New center merges math, AI to push frontiers of science
With artificial intelligence poised to assist in profound scientific discoveries that will change the world, Cornell is leading a new $11.3 million center focused on human-AI collaboration that uses mathematics as a common language.
The Scientific Artificial Intelligence Center, or SciAI Center, is being launched with a grant from the Office of Naval Research and is led by Christopher J. Earls, professor of civil and environmental engineering at Cornell Engineering. Co-investigators include Nikolaos Bouklas, assistant professor of mechanical and aerospace engineering at Cornell Engineering; Anil Damle, assistant professor of computer science in the Cornell Ann S. Bowers College of Computing and Information Science; and Alex Townsend, associate professor of mathematics in the College of Arts and Sciences. All of the investigators are field faculty members of the Center for Applied Mathematics.
With the advance of AI systems—built with tangled webs of algorithms and trained on increasingly large sets of data—researchers fear AI's inner workings will provide little insight into its uncanny ability to recognize patterns in data and make scientific predictions. Earls described it as a situation at odds with true scientific discovery.
"Scientific theories are explanatory stories that offer mechanistic insights into how the universe works," Earls said. "These theories offer reasoning behind what has been observed, but also, they predict that which has yet to be observed. Such extrapolatory power is entirely beyond anything standard AI can achieve. Our new center will pioneer radically new AI approaches for scientific discovery."
The SciAI Center will use mathematics as a common language between humans and machines because, Townsend said, math is how scientists have modeled the world for hundreds of years.
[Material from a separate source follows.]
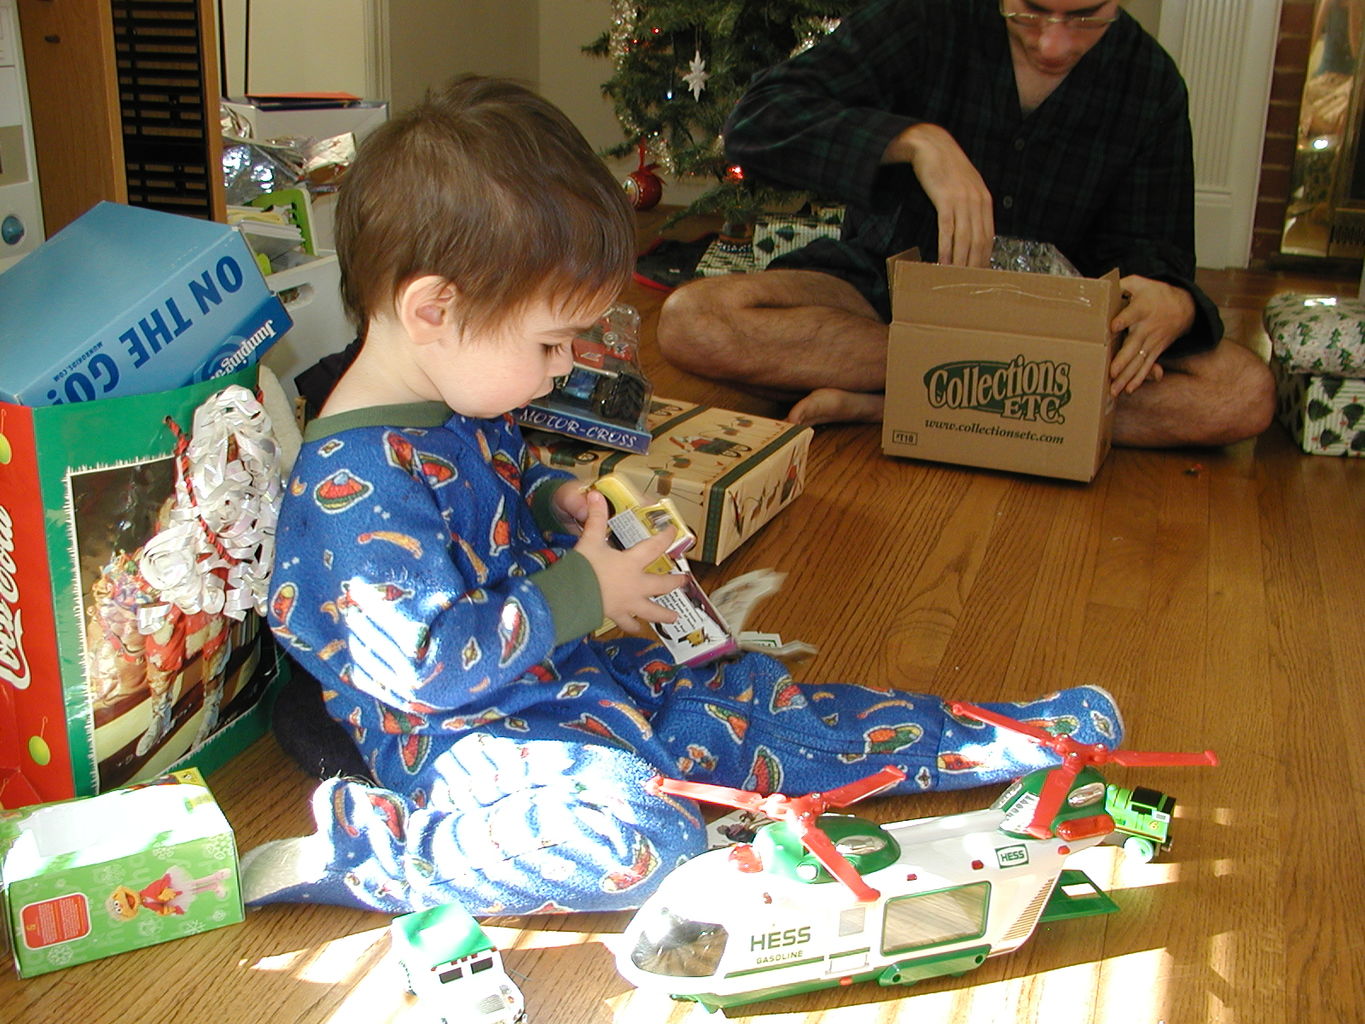 Christmas 2004

"Instead of getting AI to predict the future using data from a physical system, we will get AI to speak in the language of calculus and derive the underlying differential equations that govern a physical system," Townsend said. "We are trying to develop an AI-human collaboration that can become our science teacher, revealing patterns of the natural world."
The SciAI Center will have four intellectual thrusts—scientific data, operator learning, closure models and complex systems. Its three application areas of focus will be materials, turbulence and autonomy.
"By blending machine learning techniques with physics-informed algorithms, we can accelerate computational methods to aid in the understanding of materials and molecular systems," said Damle, who added that Cornell's fostering of interdisciplinary research makes it a natural home for such a center, enabling researchers from a broad set of areas to contribute.
Aside from its research goals, the center will be committed to helping populations underrepresented in science and engineering gain access to emerging AI tools through a series of student pathway programs that prepare young researchers to work in new industries.
Other institutions participating include the United States Naval Academy; the University of California, Santa Cruz; the California Institute of Technology; the University of Cambridge; Brown University; the University of California, Berkeley; and Integer Technologies.